4. El ALMA VIVIENTE (La Fuente Divina de energía)


  Aquí llegamos a la cúspide. El ser humano no es solo carne; es un "Alma Viviente", dotada de conciencia.

  Bajo la jerarquía universal:

  • Ley Divina: Rige al Alma. Según la tradición hindú el alma reside en el centro de la frente, "tilak". Es decir, reside en este cuerpo, el buque en el comercio.
  • Ley Natural: Rige al Hombre/homo vivo.
  • Ley Positiva (Civil/UCC): Rige a la Persona.

 El sistema intenta convencer al Alma Viviente de que es una Persona para traerla a la Ley Positiva. Si te identificas totalmente con tu DNI, bajas voluntariamente de la jurisdicción Divina a la jurisdicción de los hombres.



3.1 La Física de la Ética: Newton


  Para despojar a este concepto de cualquier tinte religioso y moral, basta con observar la física. Lo que los antiguos llamaron Karma, Isaac Newton definió como la Tercera Ley del Movimiento: "A toda acción corresponde una reacción igual y de sentido contrario".


  En el universo, la energía no se destruye. Si emites una fuerza (daño/robo) contra otro ser, la física universal exige que esa fuerza retorne para equilibrar la ecuación. No es venganza divina; es mecánica inevitable. De ahí el dicho: "Piensa el ladrón que todos son de su condición".




3.2 La Trampa del Libre Albedrío y como se transgrede la Ley Non Scripta.

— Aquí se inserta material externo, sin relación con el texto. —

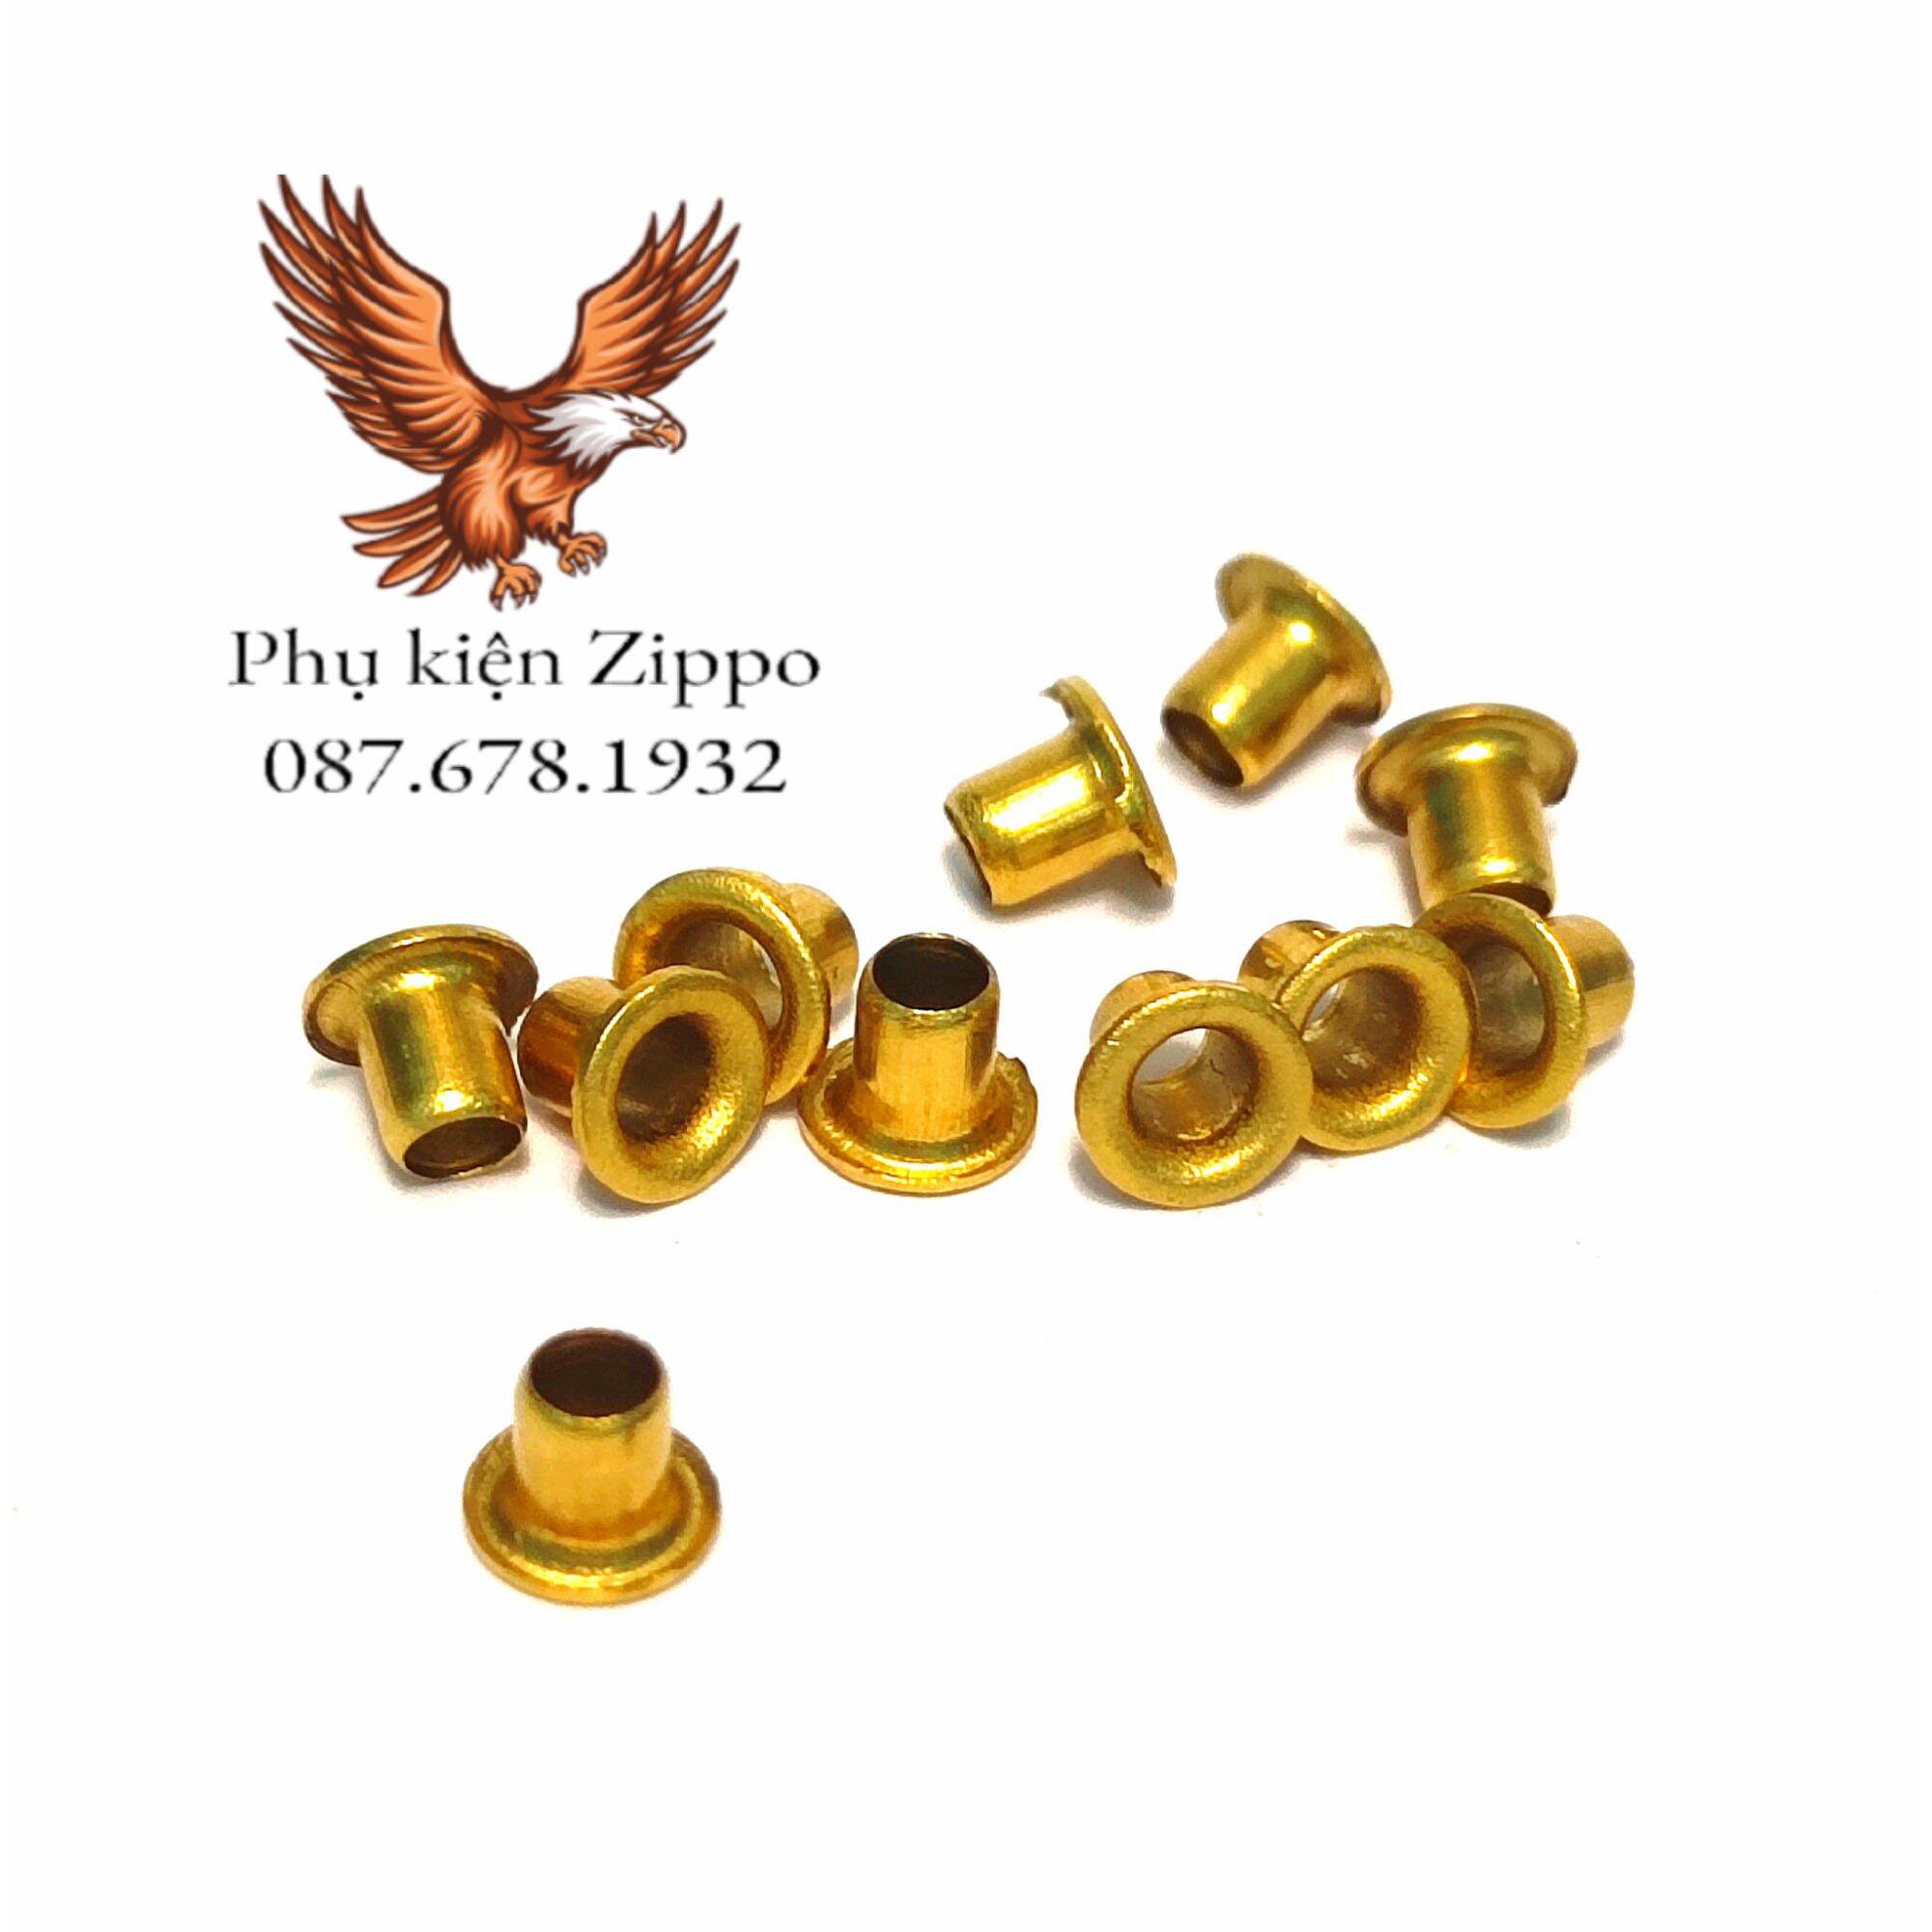 [Phụ kiện Zippo] Chốt tán đồng lưỡi gà Zippo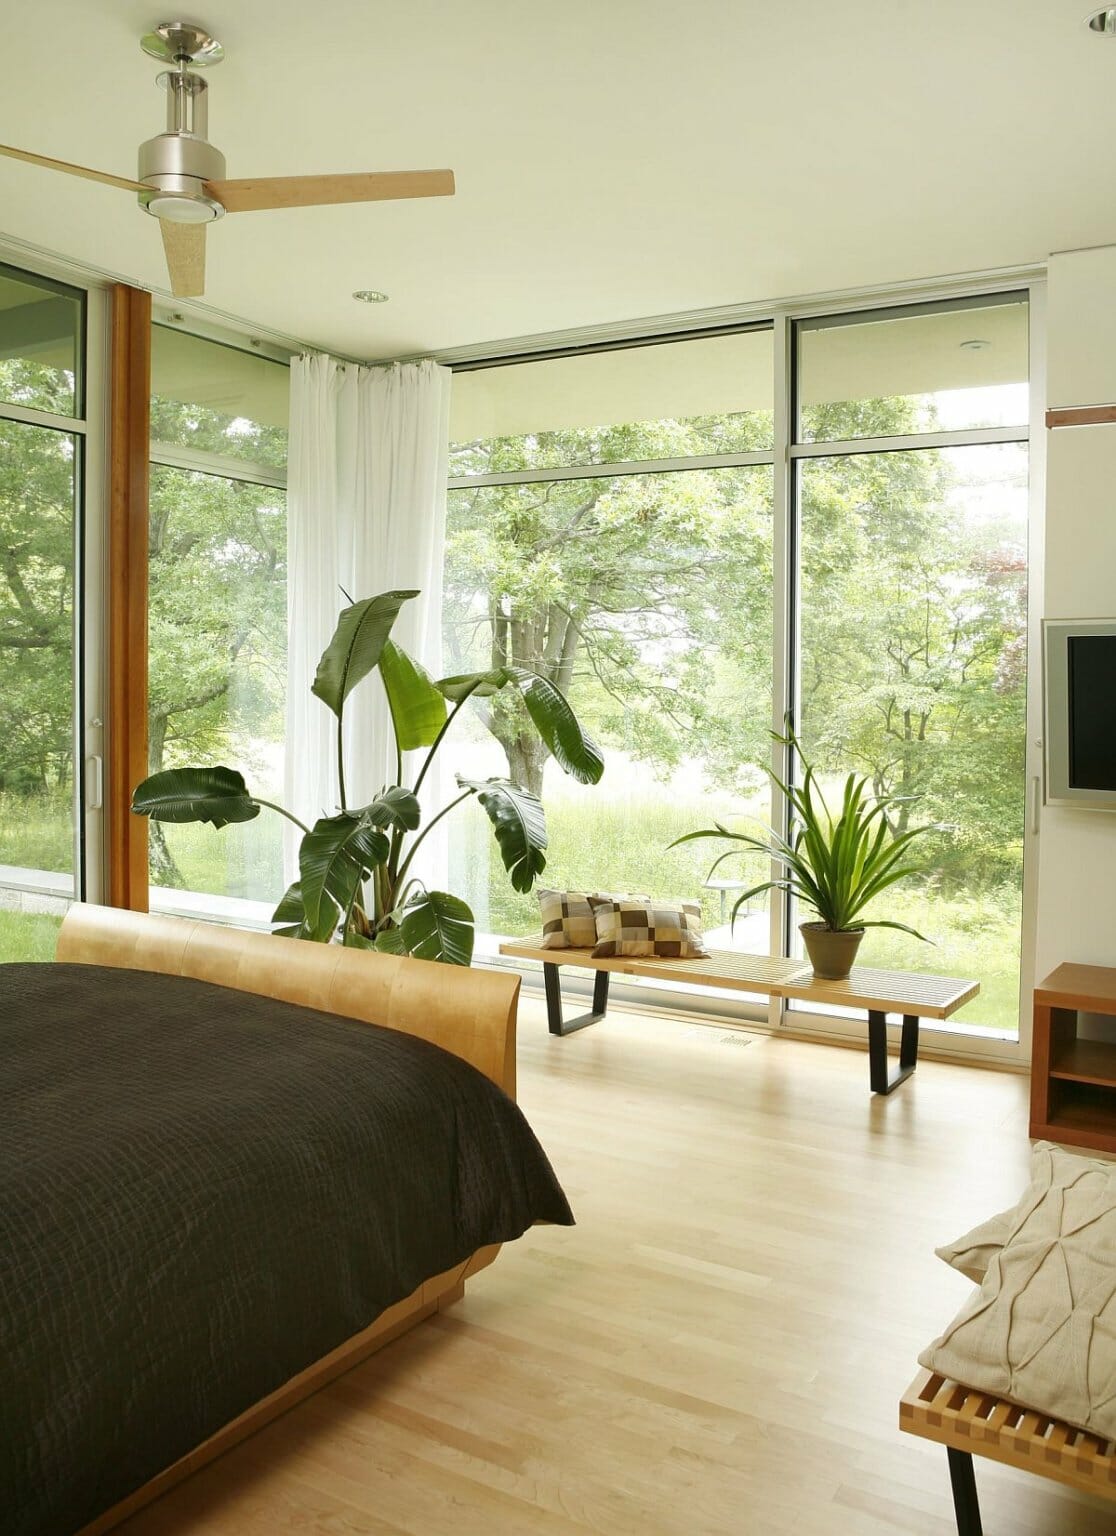 Hình ảnh phòng ngủ với giường nệm êm ái, quạt trần, cây xanh trang trí, tường kính trong suốt

  Aquí radica la confusión más peligrosa para el "aprendiz de soberano". Como la Ley Natural (Lex Naturalis) no está escrita en un papel, es "escurridiza". Muchos creen que esto da licencia para aplicar una astucia peligrosa: el uso del libre albedrío para causar daño y ocultarse.

 El Ejemplo de la Pared:
  Imagina que conduces tu tractor y, por descuido, derribas el muro del corral de la casa de tu vecino y se han escapado animales. Nadie te ha visto. "No le digo nada, nadie me ha visto, si le digo que he sido yo, le voy a tener que pagar"

  • Bajo la Ley Humana ( Si te callas y te vas, "no hay delito" porque no hay testigos ni denuncia. Tu astucia te ha librado del castigo estatal.
  • Bajo la Ley Divina (Karma): El daño existe. La realidad ha sido alterada. Aunque no haya papel escrito, hay una "mancha" en tu registro vital. Has contraído una obligación de reparación.

  La Ley del Karma no es un castigo místico; es la física de actuar con rectitud. Establece que nadie puede abandonar este escenario existencial dejando desequilibrios atrás. Si rompiste el muro, tarde o temprano, en esta vida o en otra, deberás poner los ladrillos de vuelta o sufrir una ruptura equivalente.      La verdadera soberanía no es la inmunidad ante la policía, sino la integridad de reconocer el daño y repararlo voluntariamente antes de que la Ley Divina te obligue a hacerlo.


Reflexión final:


Cuando un juez llama tu nombre, no llama a tu alma, llama a la Persona (la ficción). En Europa o América, la trampa es idéntica: usar el nombre legal (en mayúsculas) para atrapar al ser vivo en un contrato comercial. Recuperar la consciencia de quiénes somos realmente es el acto jurídico definitivo.


Fuentes y consideraciones

 A) Para el Lector Europeo (Código Civil Español)

Artículo 29: "El nacimiento determina la personalidad".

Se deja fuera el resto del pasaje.